Drop all images. Then write out each line below exactly as given.

## Recorded information
■ ■ ■ ■ ■ ■ ■
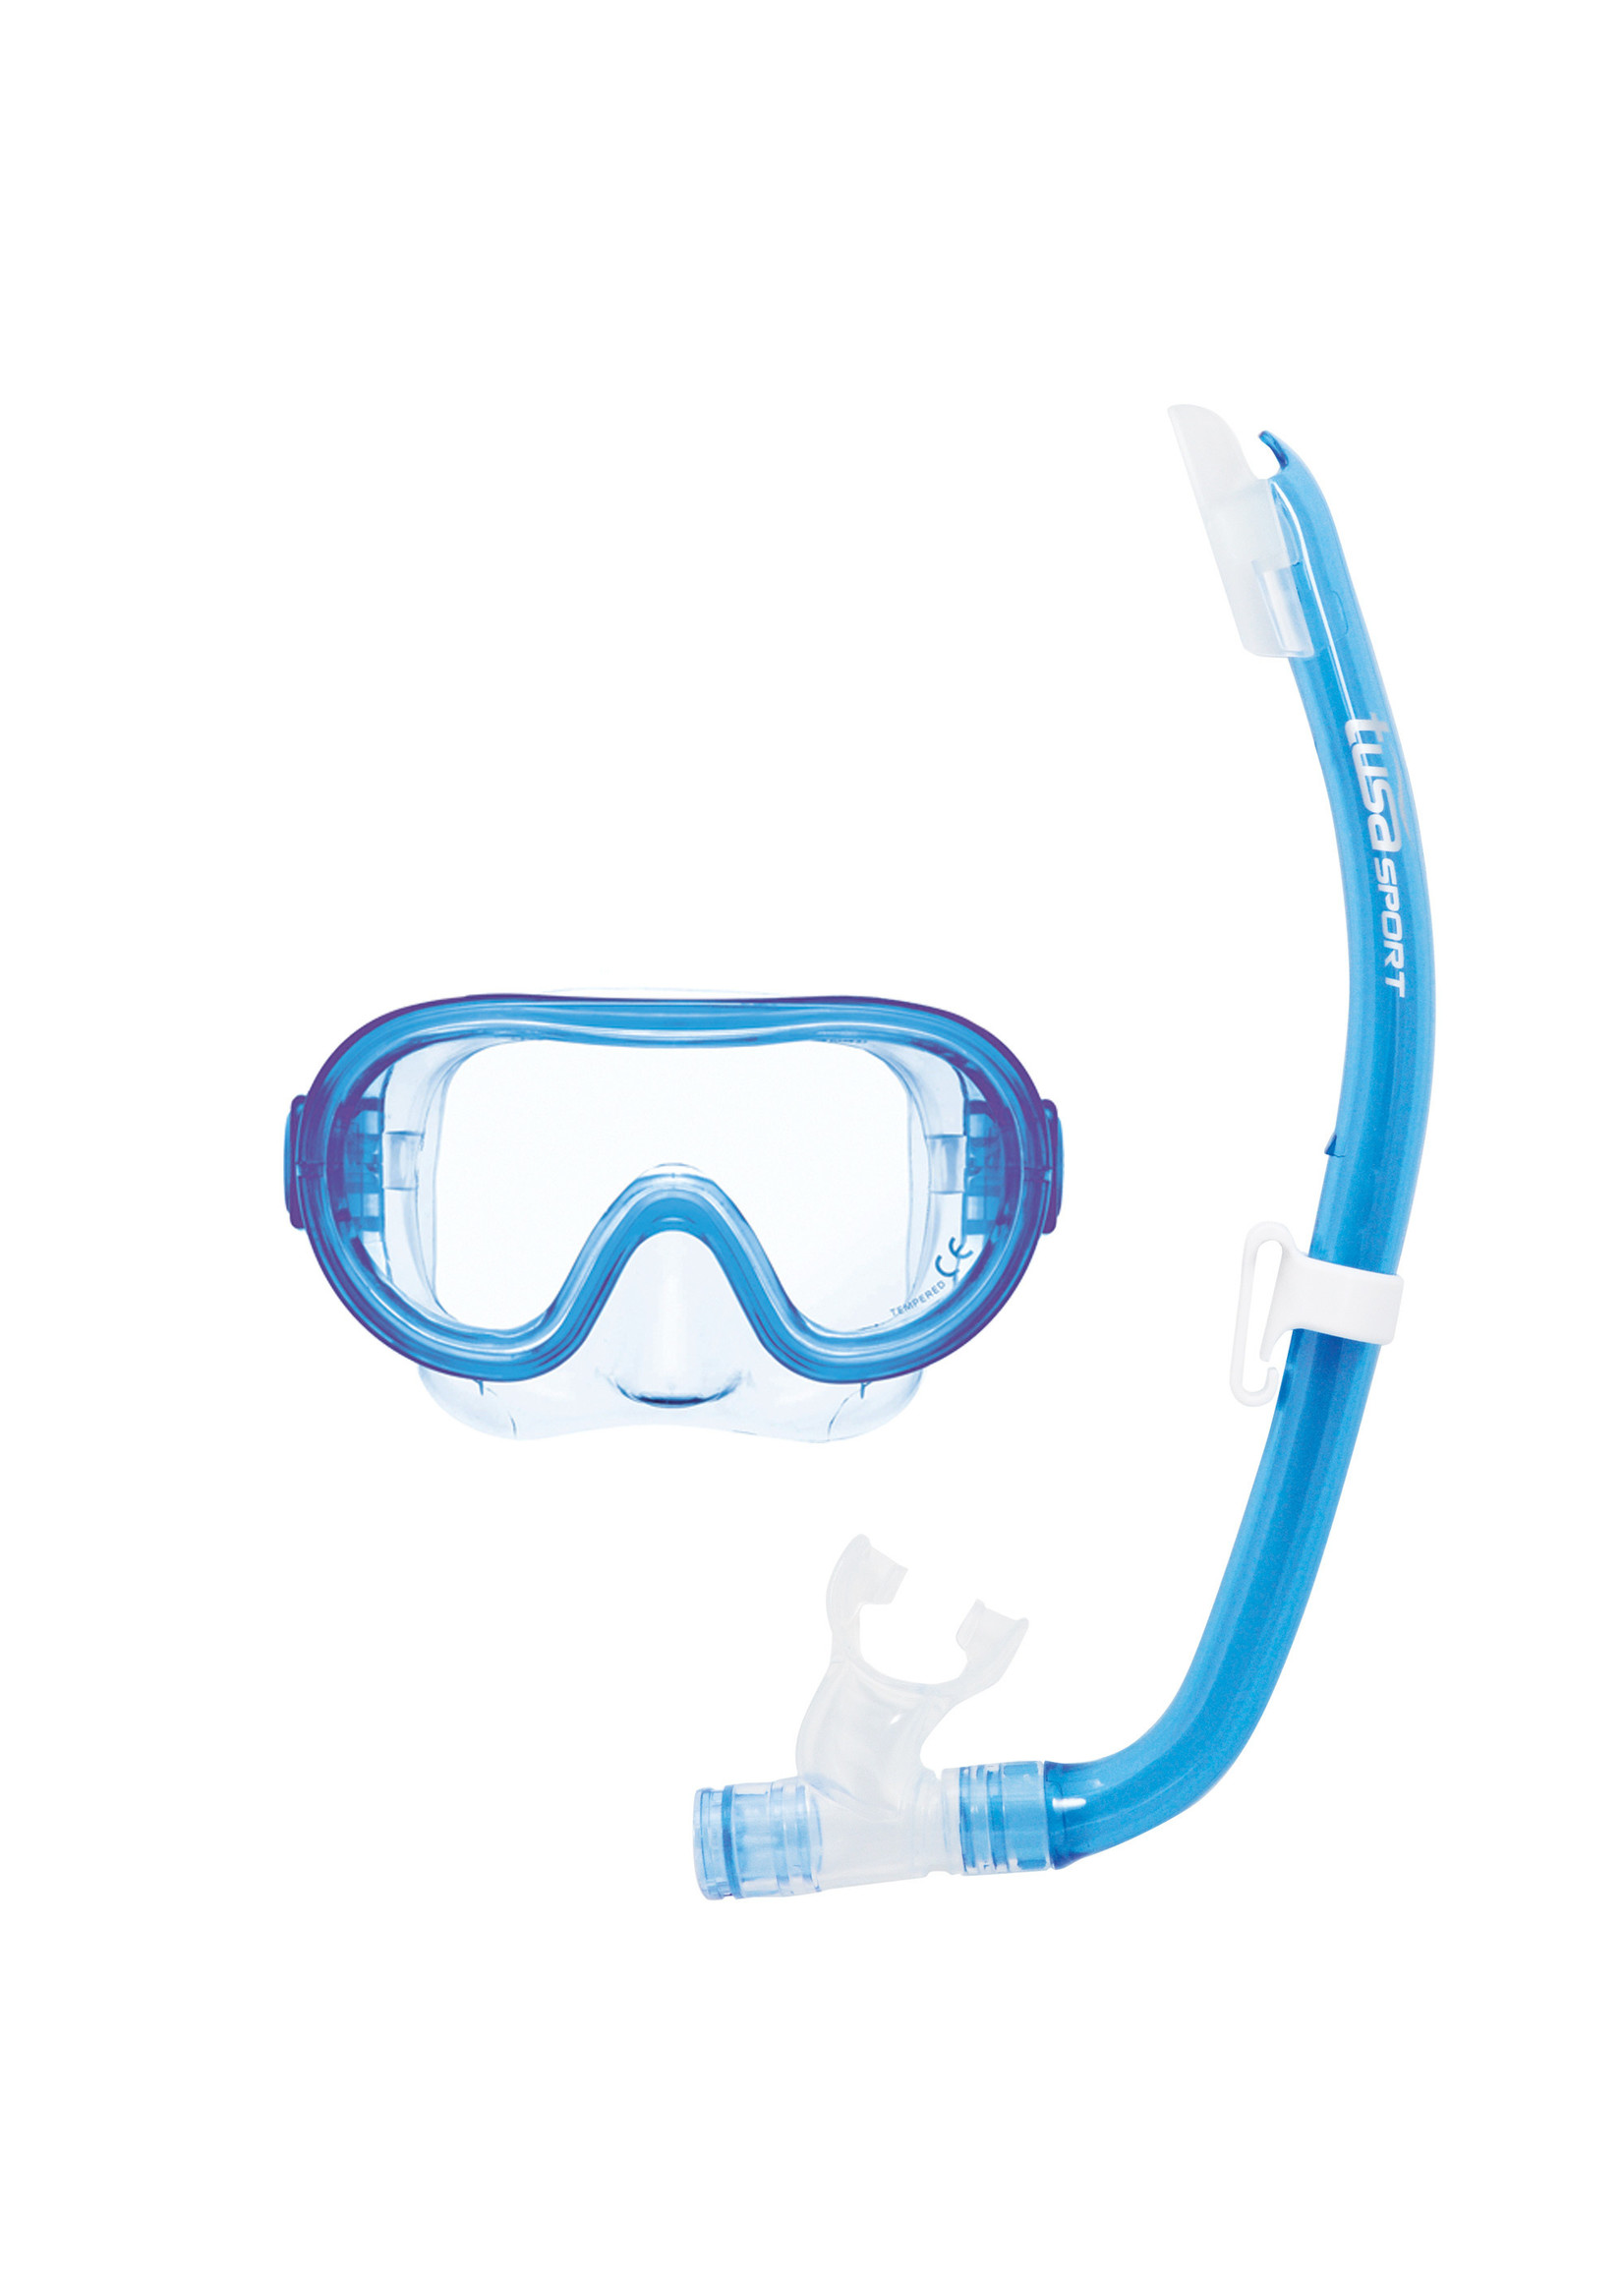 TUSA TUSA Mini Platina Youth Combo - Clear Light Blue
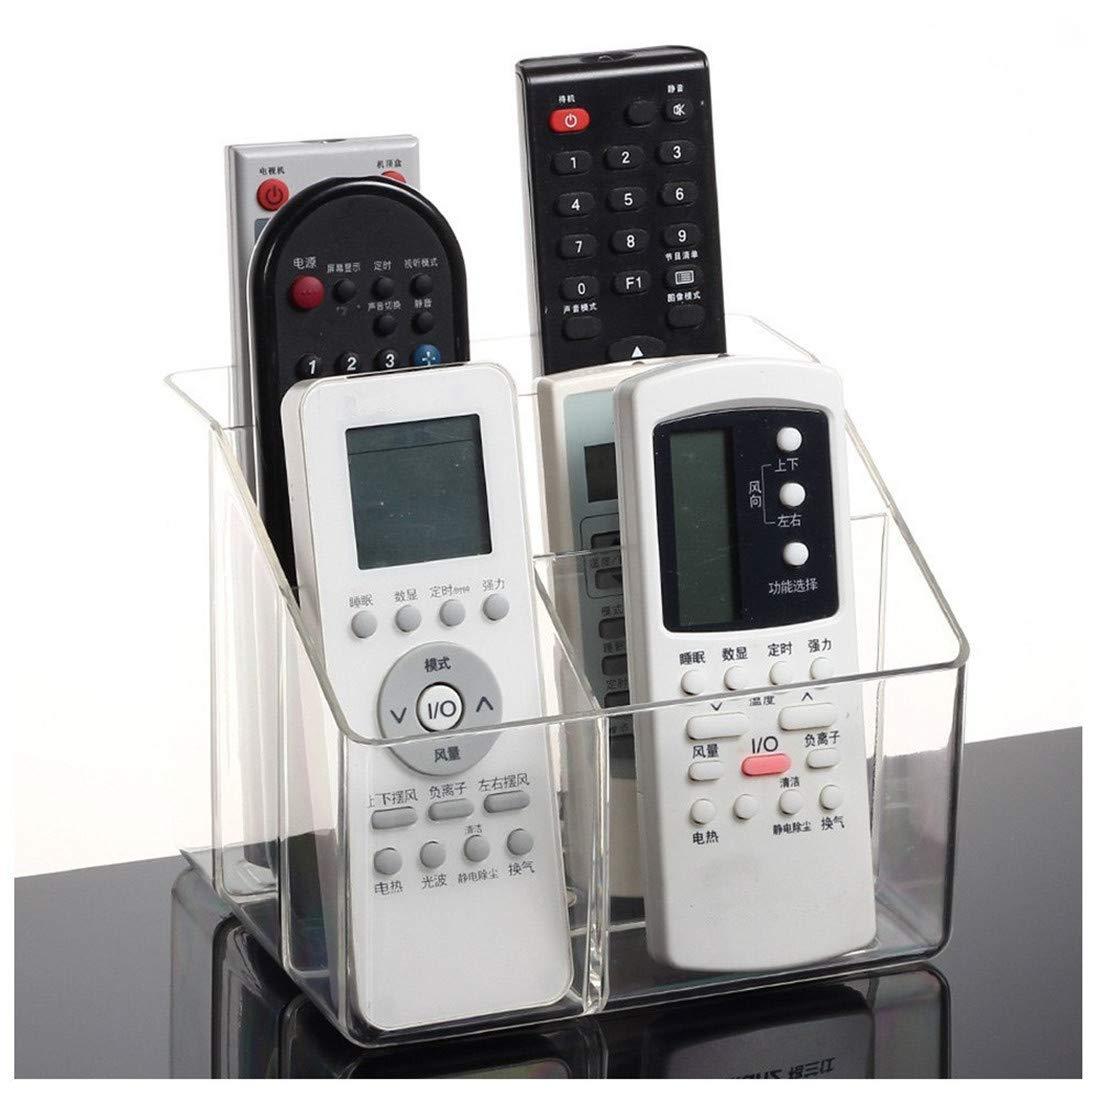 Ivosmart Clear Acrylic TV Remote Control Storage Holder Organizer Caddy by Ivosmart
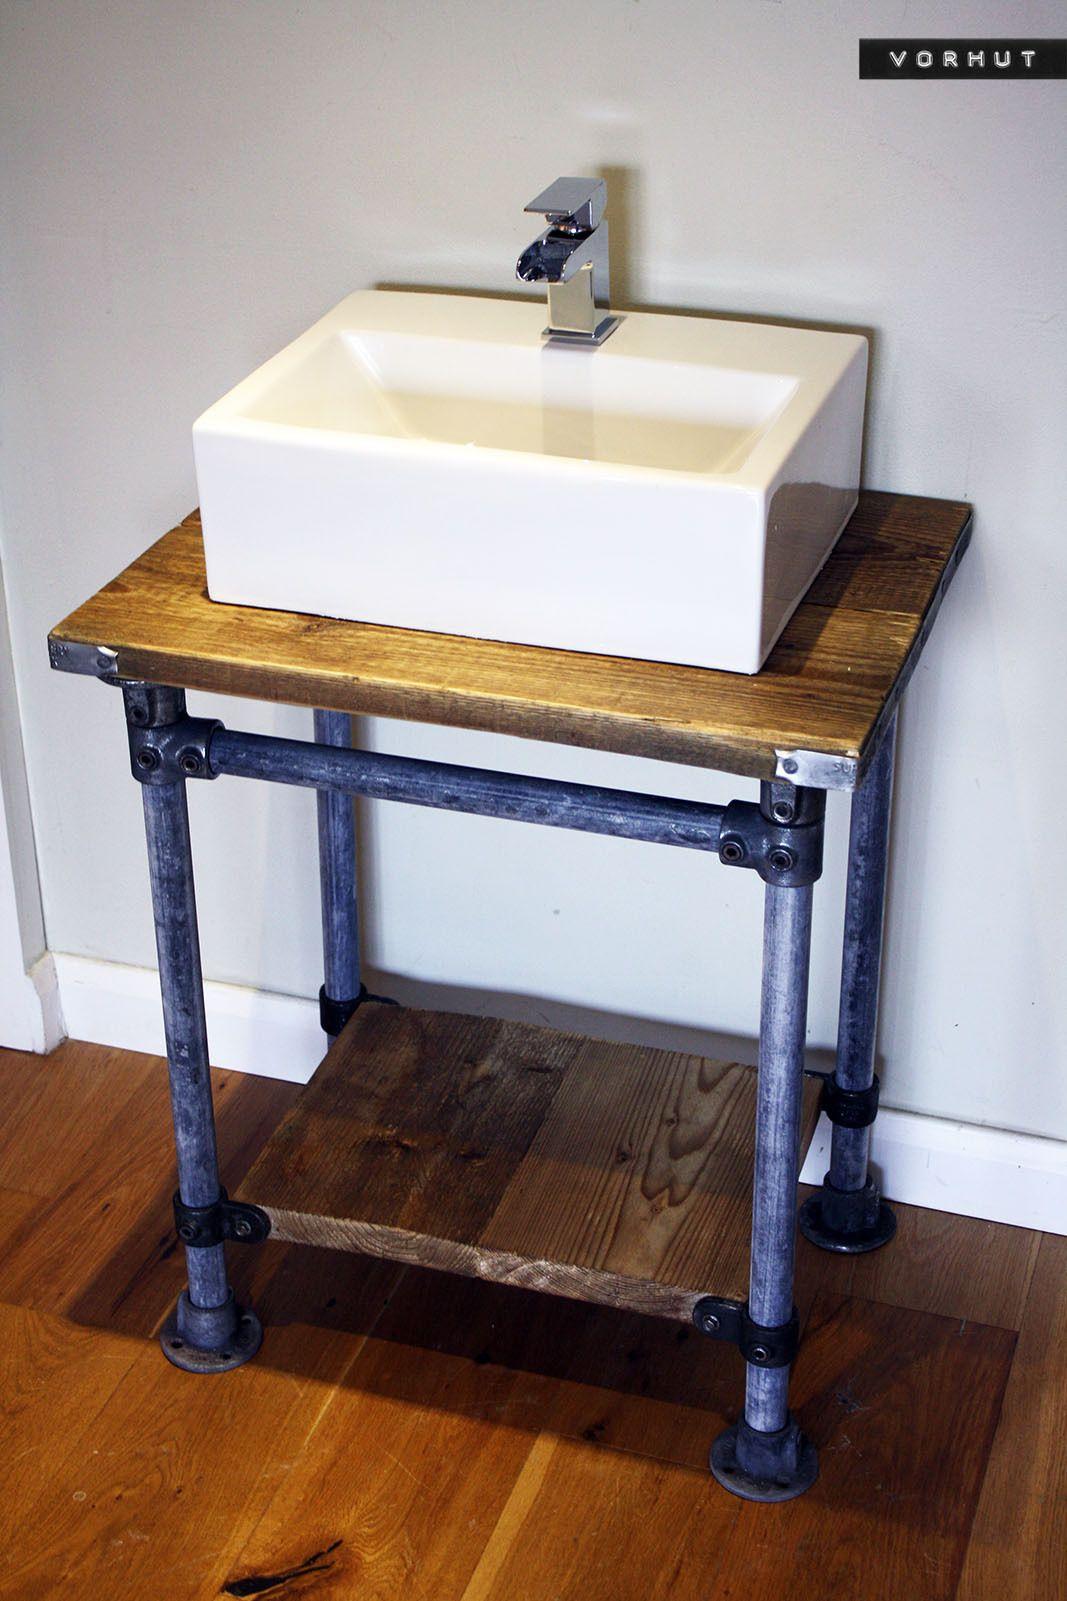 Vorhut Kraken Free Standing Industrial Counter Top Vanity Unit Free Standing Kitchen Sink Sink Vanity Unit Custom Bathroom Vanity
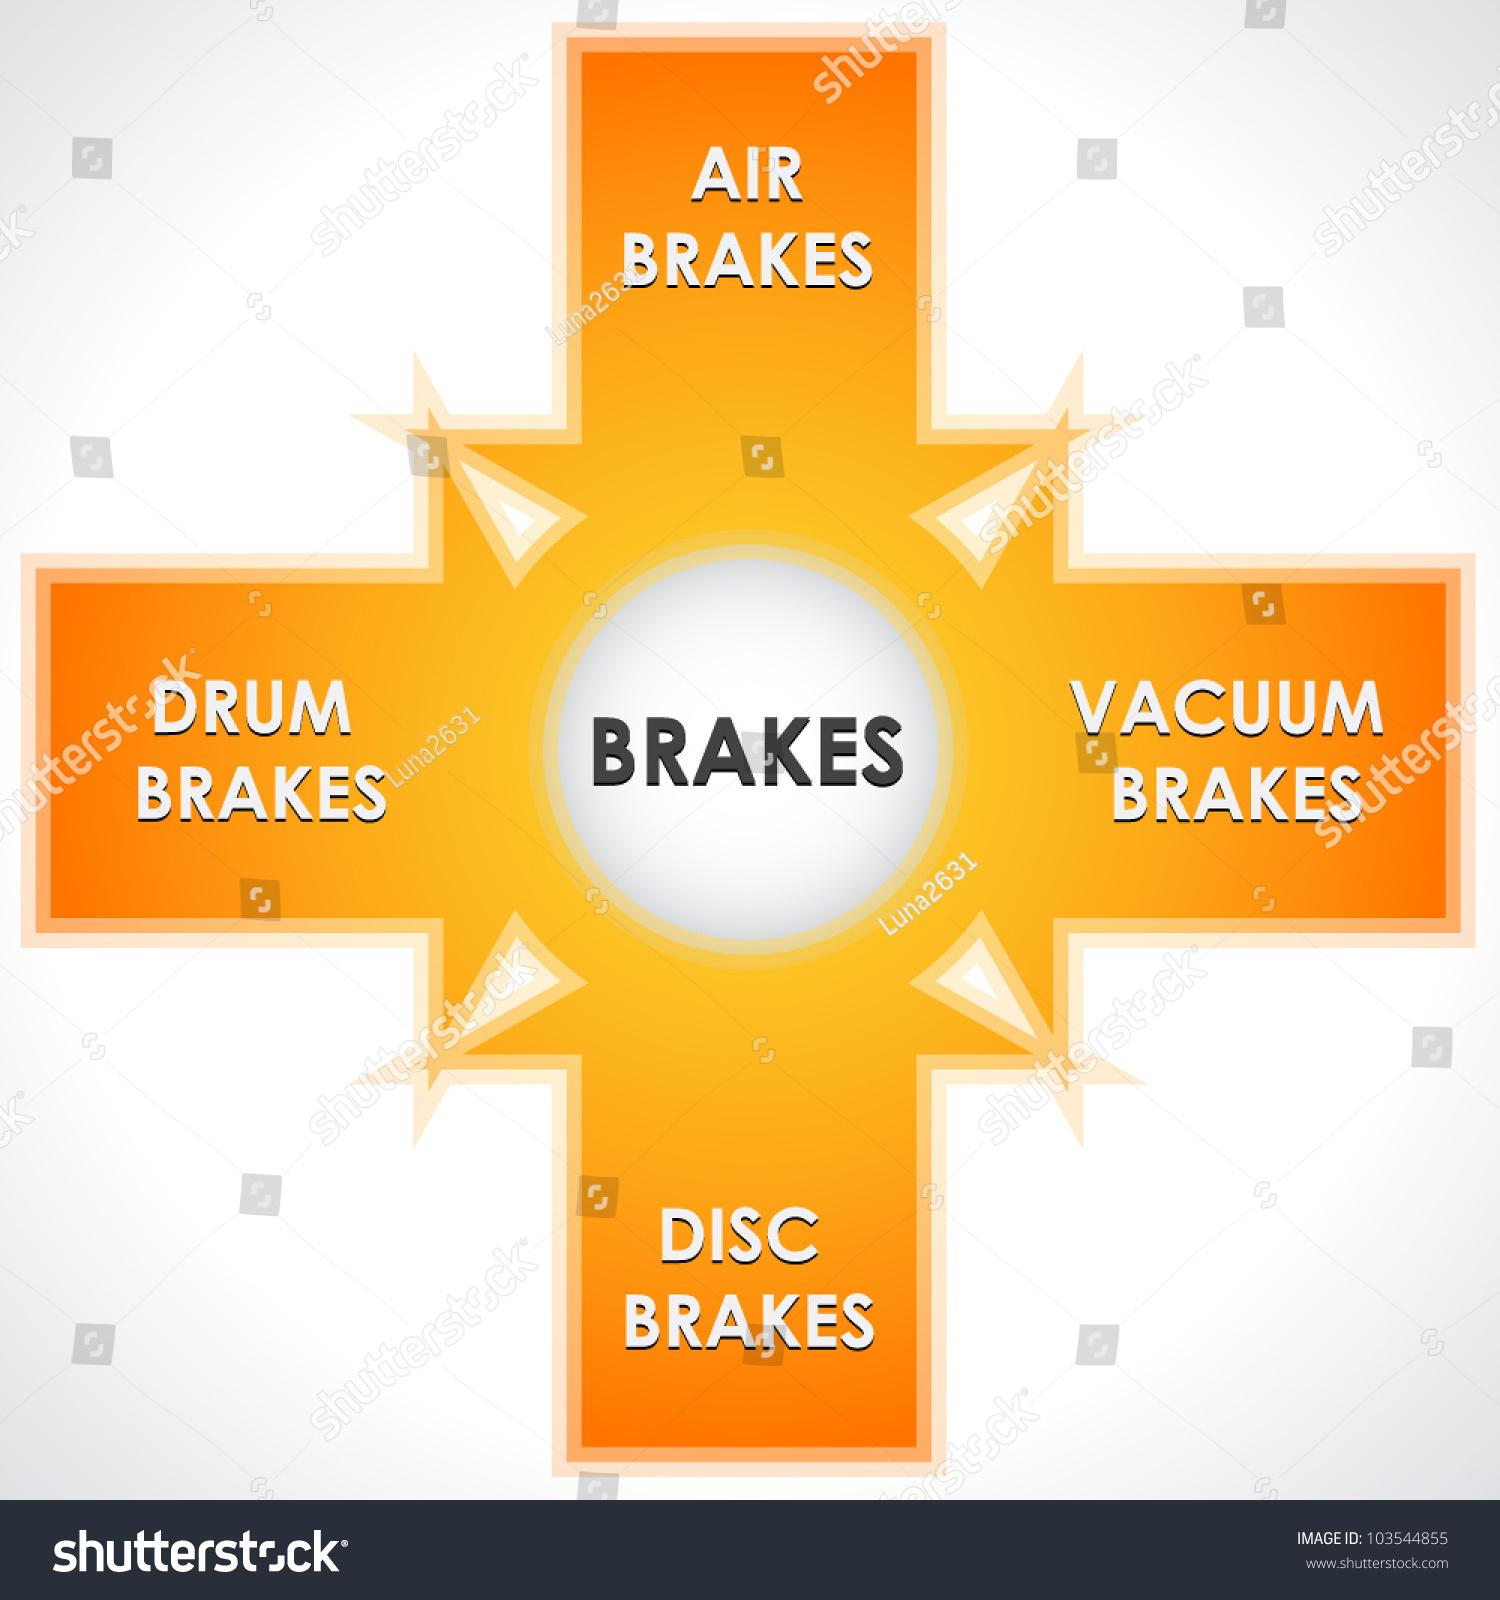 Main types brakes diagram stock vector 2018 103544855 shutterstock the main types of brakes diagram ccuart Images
■ ■ ■ ■ ■ ■ ■
## Response to the task
 TUSA TUSA Mini Platina Youth Combo - Clear Light Blue
 Ivosmart Clear Acrylic TV Remote Control Storage Holder Organizer Caddy by Ivosmart
 Vorhut Kraken Free Standing Industrial Counter Top Vanity Unit Free Standing Kitchen Sink Sink Vanity Unit Custom Bathroom Vanity
 Main types brakes diagram stock vector 2018 103544855 shutterstock the main types of brakes diagram ccuart Images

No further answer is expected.